Recentemente, o Centro Integrado do Atendimento à Mulher da Baixada Fluminense – CIAM Baixada (Nova Iguaçu), um centro de acolhimento a mulheres vítimas de violência, que em 2014 chegou a atender uma média de 1458 mulheres, se encontra a deriva e em estado de sucateamento.

O abandono do local causou a indignação de movimentos de mulheres e movimentos feministas da Baixada, que além de fazer um manifesto público contra o fechamento das portas do prédio, no dia 14/07, de 10h as 17h (Rua cel bernardino de Melo 4345, Bairro da Luz, Nova Iguaçu), organizaram um abaixo assinado virtual para que medidas sejam tomadas. Para ajudar nessa luta, clique aqui e deixe sua assinatura.

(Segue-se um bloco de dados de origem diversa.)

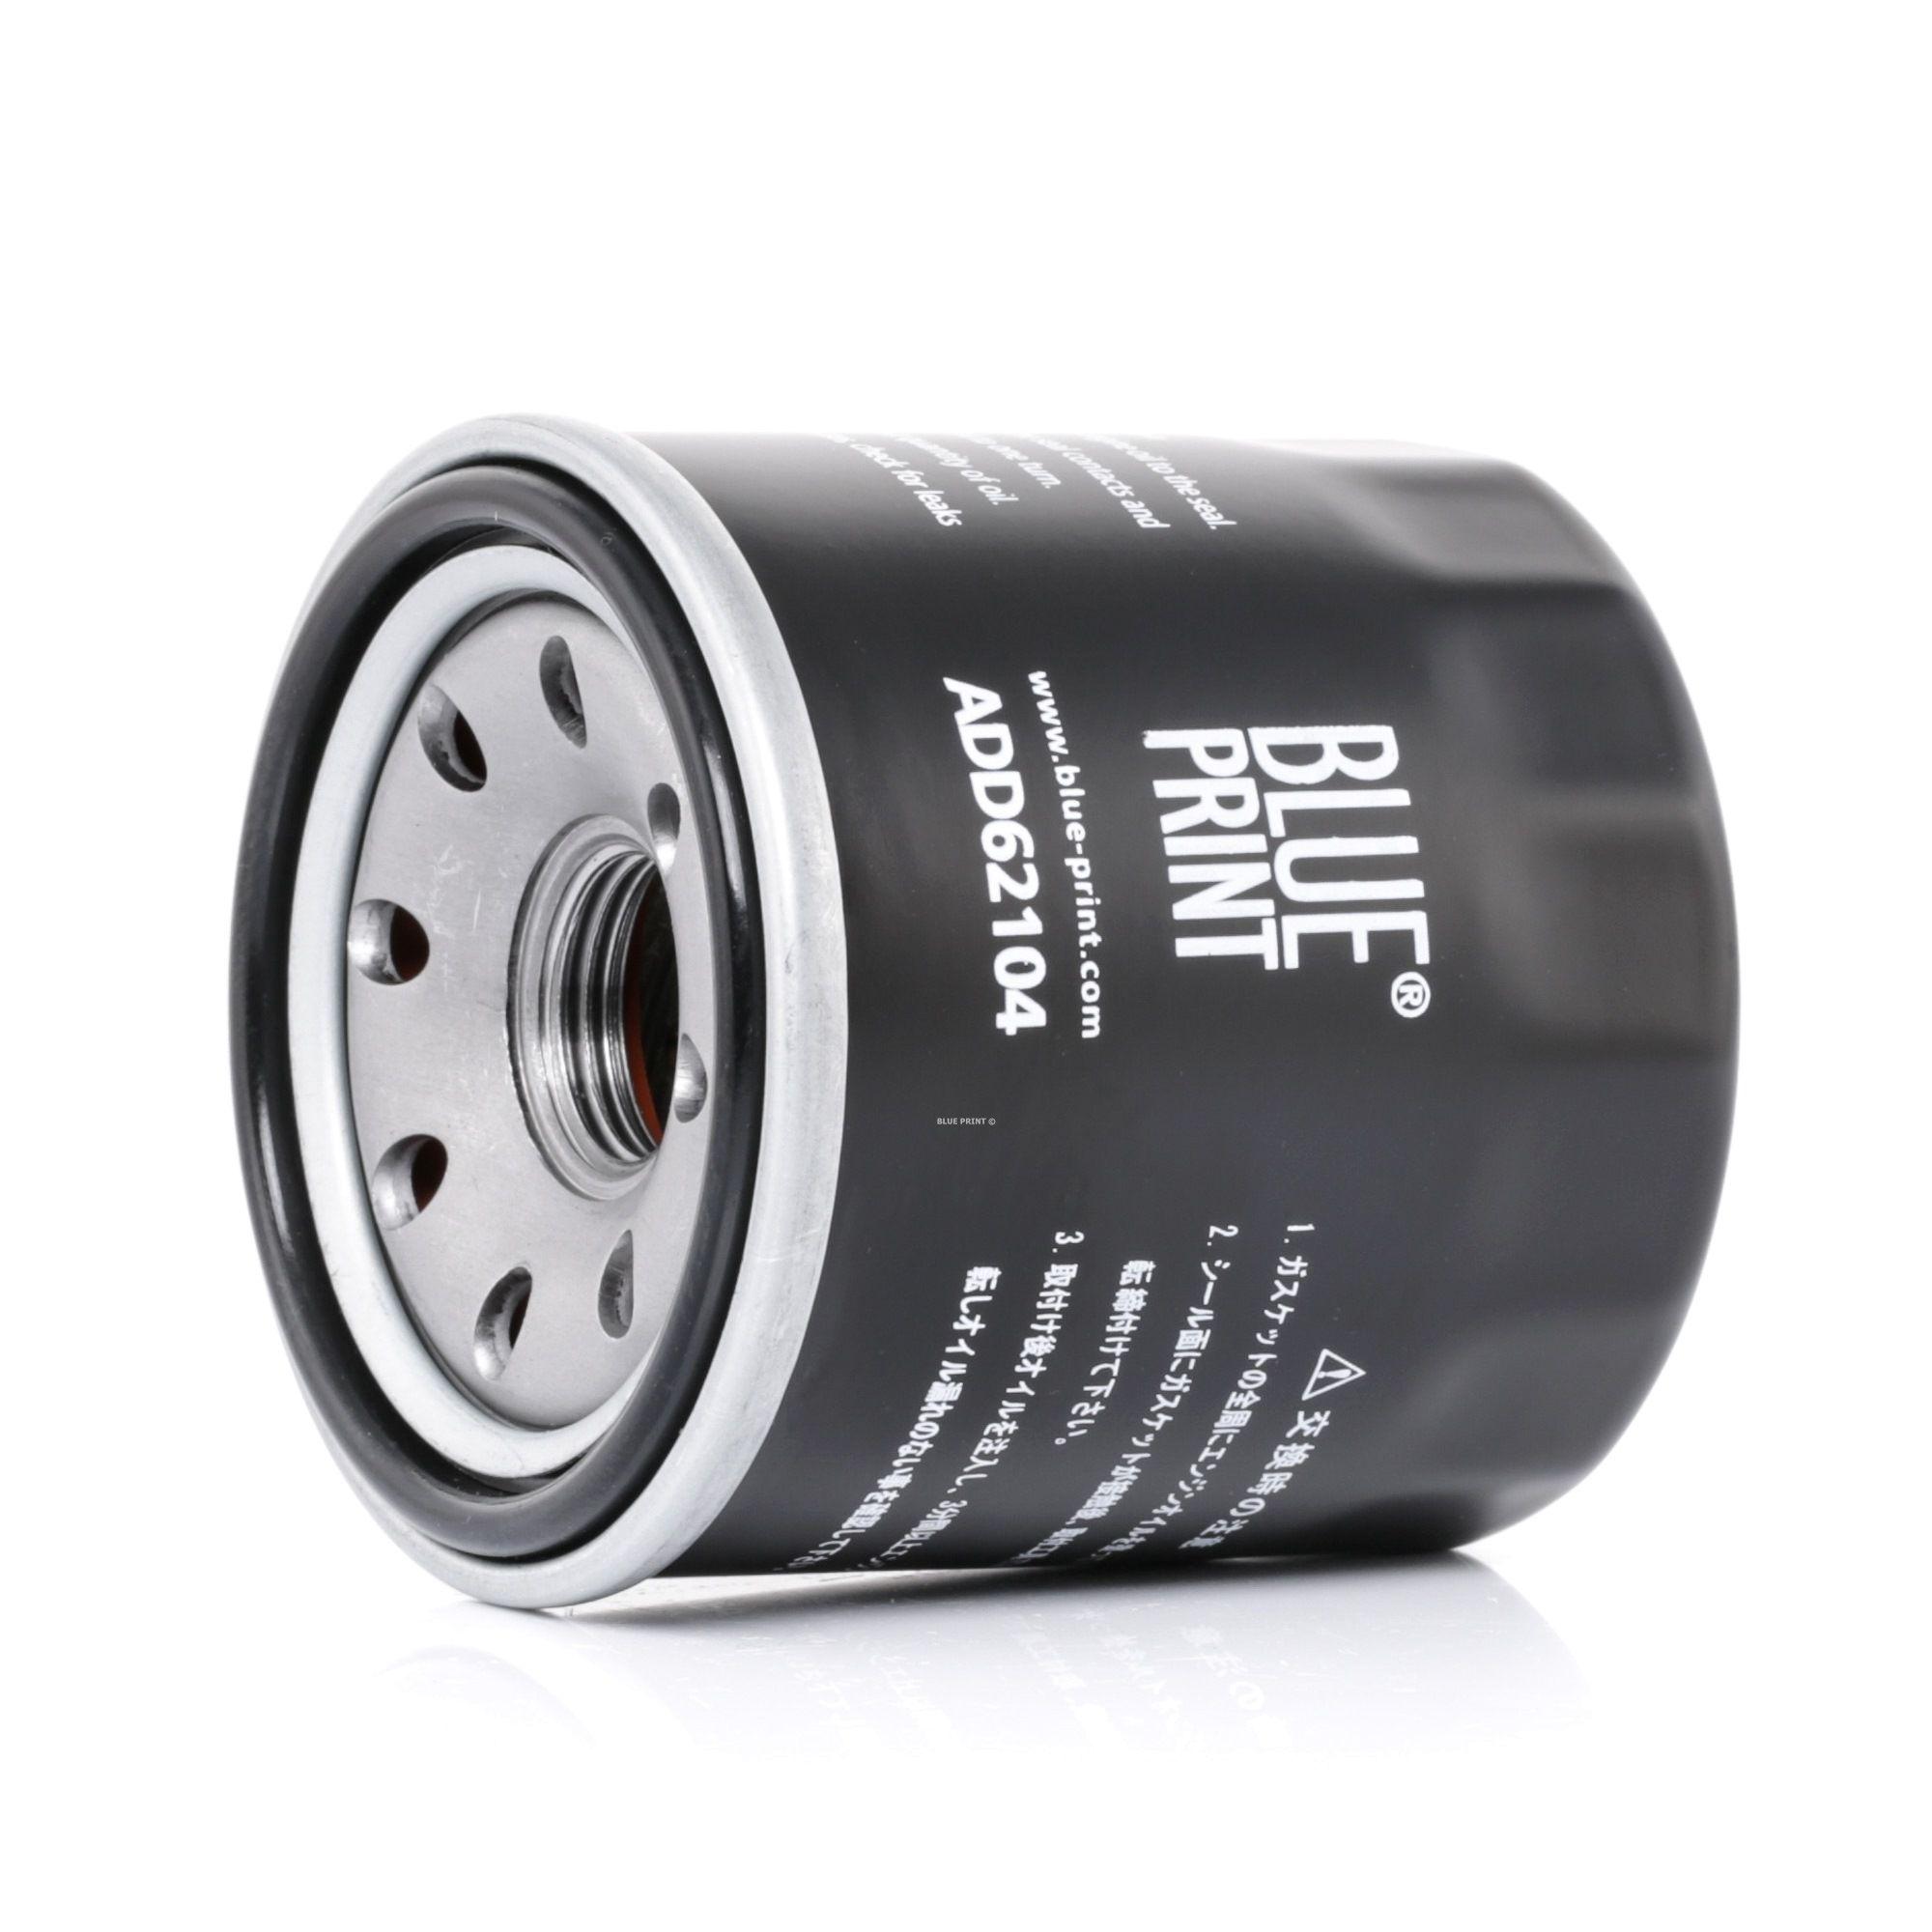 Origine Filtre à huile BLUE PRINT ADD62104 (Ø: 69,5mm, Hauteur: 65mm)

Em janeiro de 2014 foram destinados R$ 750 mil para a reforma do CIAM, mas só em 2015 a Subsecretaria de Estado de Políticas para as Mulheres do RJ retomou as conversações com o Banco Mundial, que aprovou a reforma do prédio. No entanto, o processo licitatório foi suspenso e não se sabe sobre o destino dado aos recursos.

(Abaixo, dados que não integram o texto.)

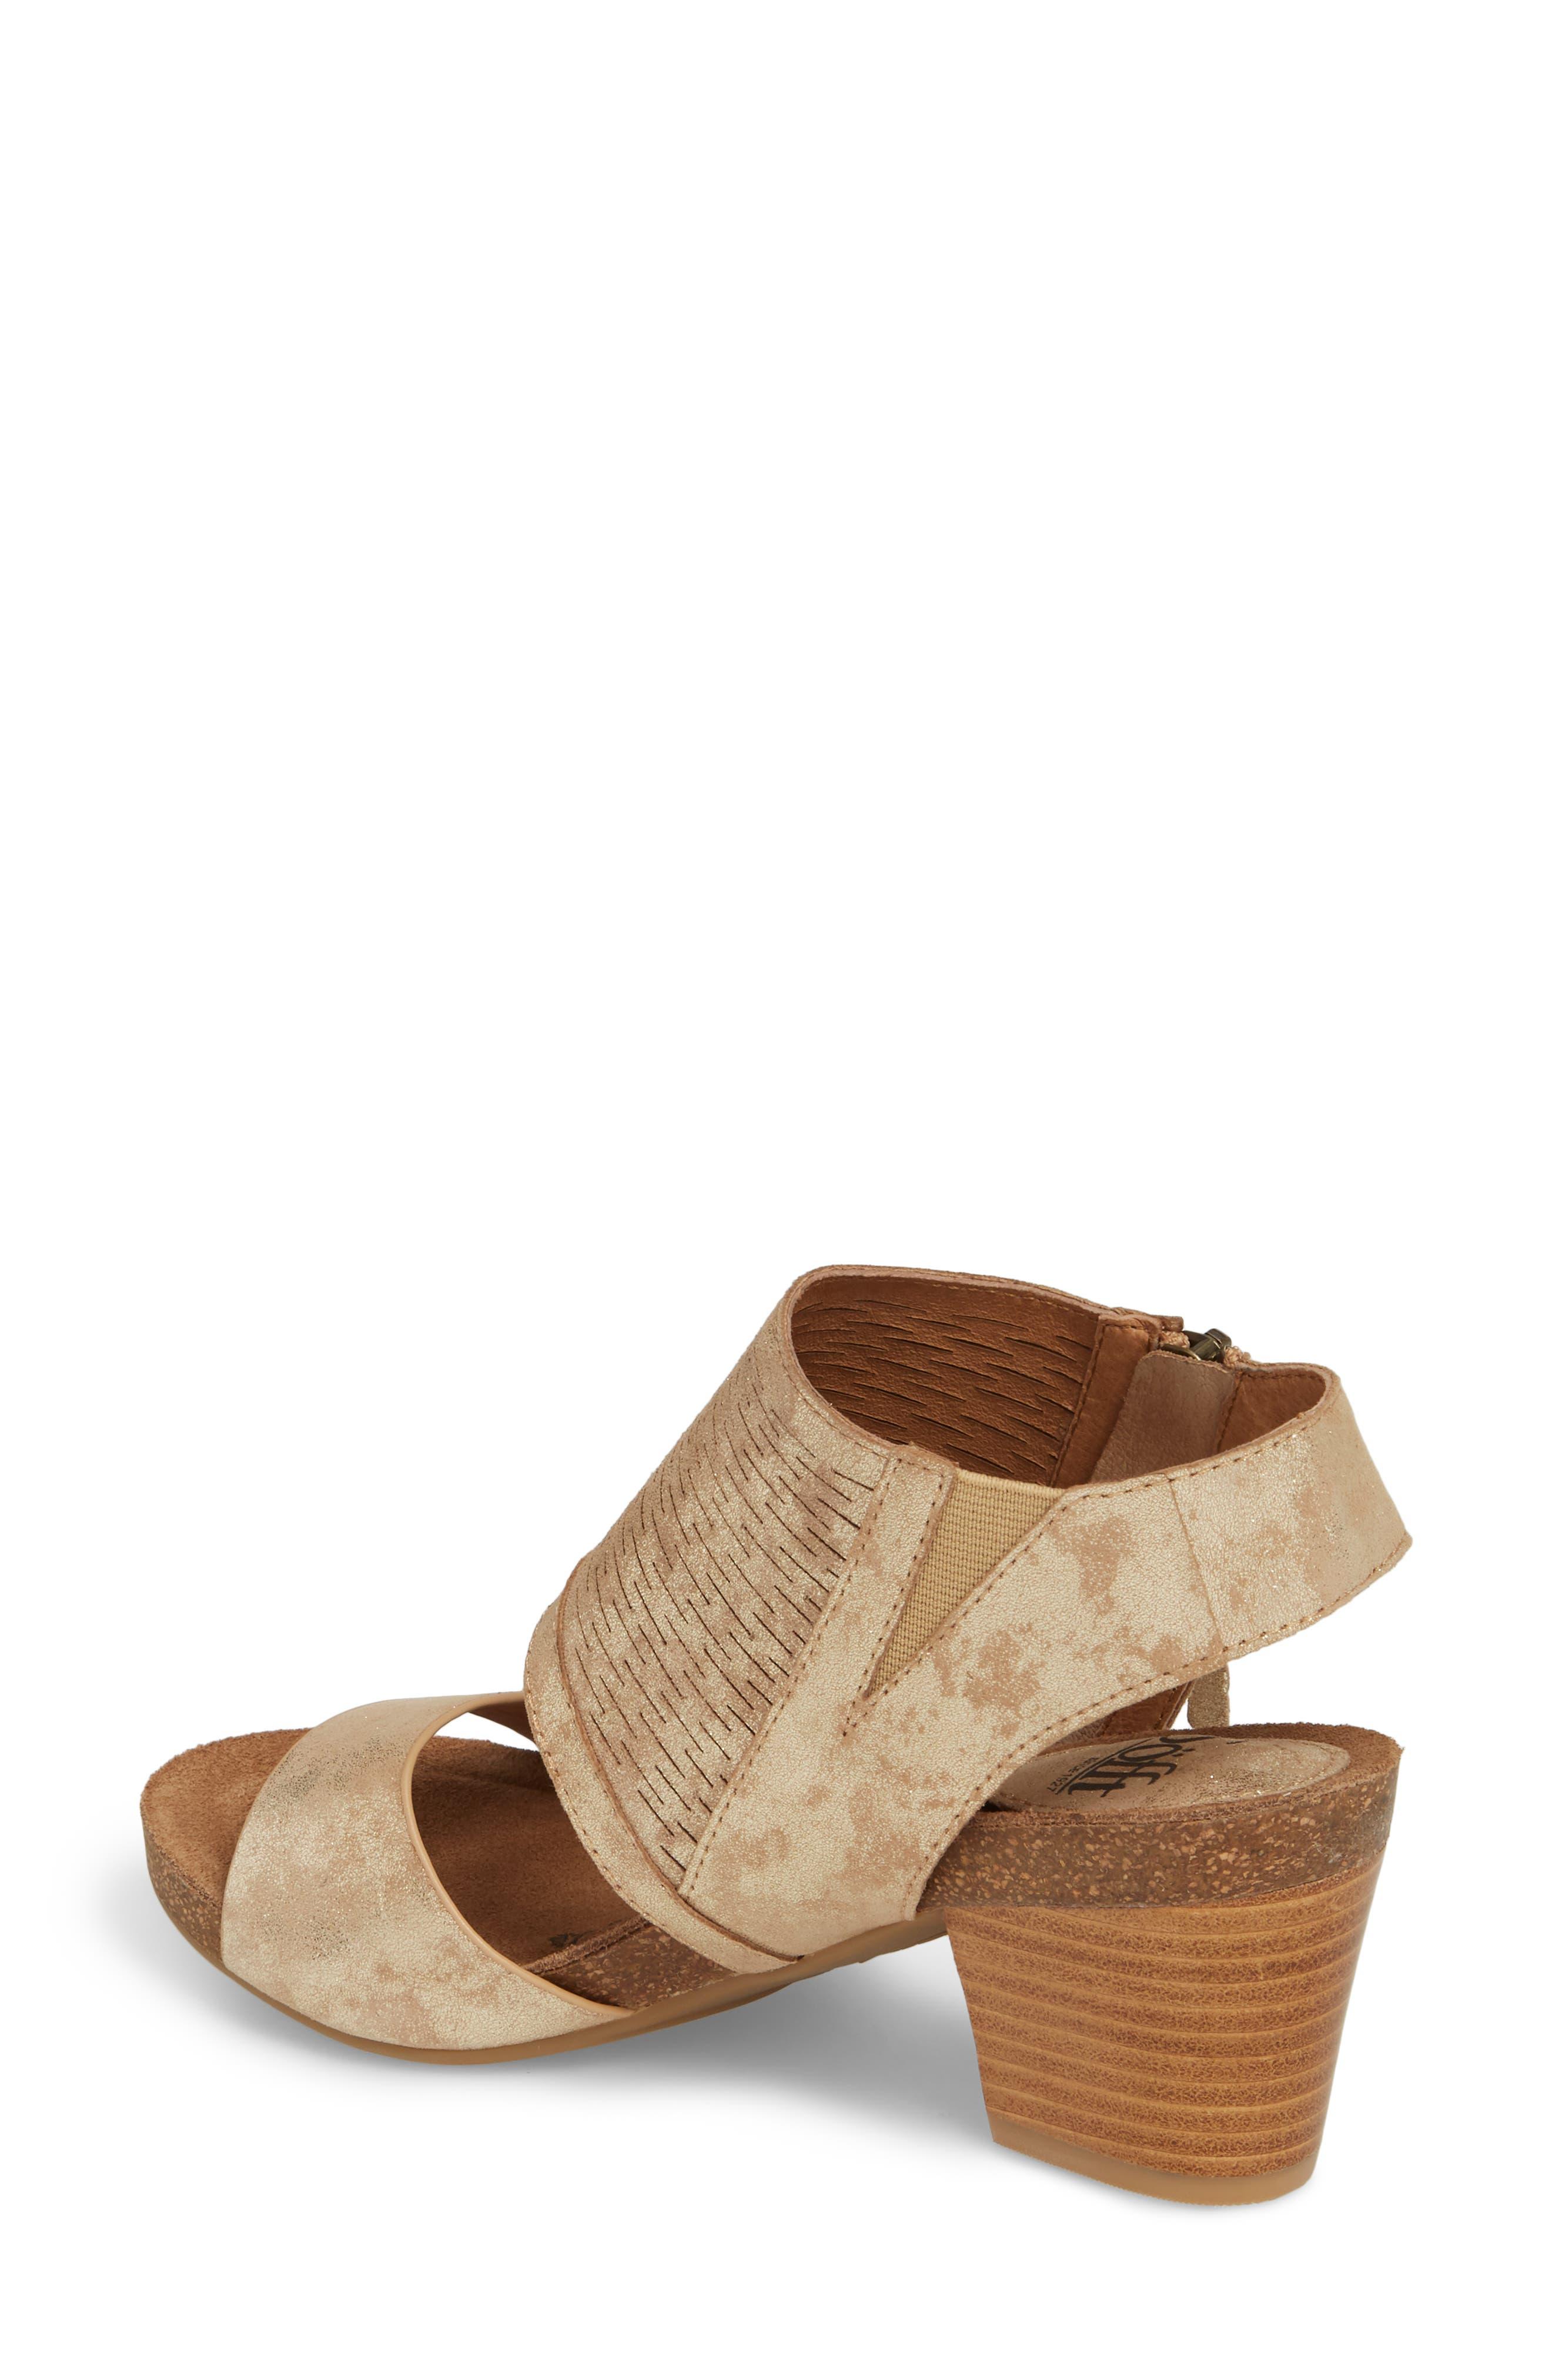 Milan Block Heel Sandal,                             Alternate thumbnail 2, color,                             040

Essa falta de recursos e ameaça de fechamento das portas faz com que mulheres, que antes possuíam um espaço físico capaz de garantir segurança, sigilo e acolhimento digno, sejam atendidas em uma sala nos fundos de uma Delegacia regular.

Há pouco tempo, o Instituto de Segurança Pública publicou no Dossiê da Mulher 2018, com dados de 2017, ocorrências registradas em todo país. Só na Baixada Fluminense, que recentemente teve dois de seus municípios, Queimados e Japeri, em destaque no Atlas da Violência 2018, há mais de 24 mil registros de diversos tipos de agressões às mulheres. E os altos índices indicam a importância dessa luta pela retomada do local.

 

Bem como sua reforma, o movimento de mulheres e feministas também exige a construção de uma creche, uma estação ferroviária e uma linha de ônibus que atenda ao local, todas politicas publicas previstas em seu projeto original de 2014 que não foram atendidas.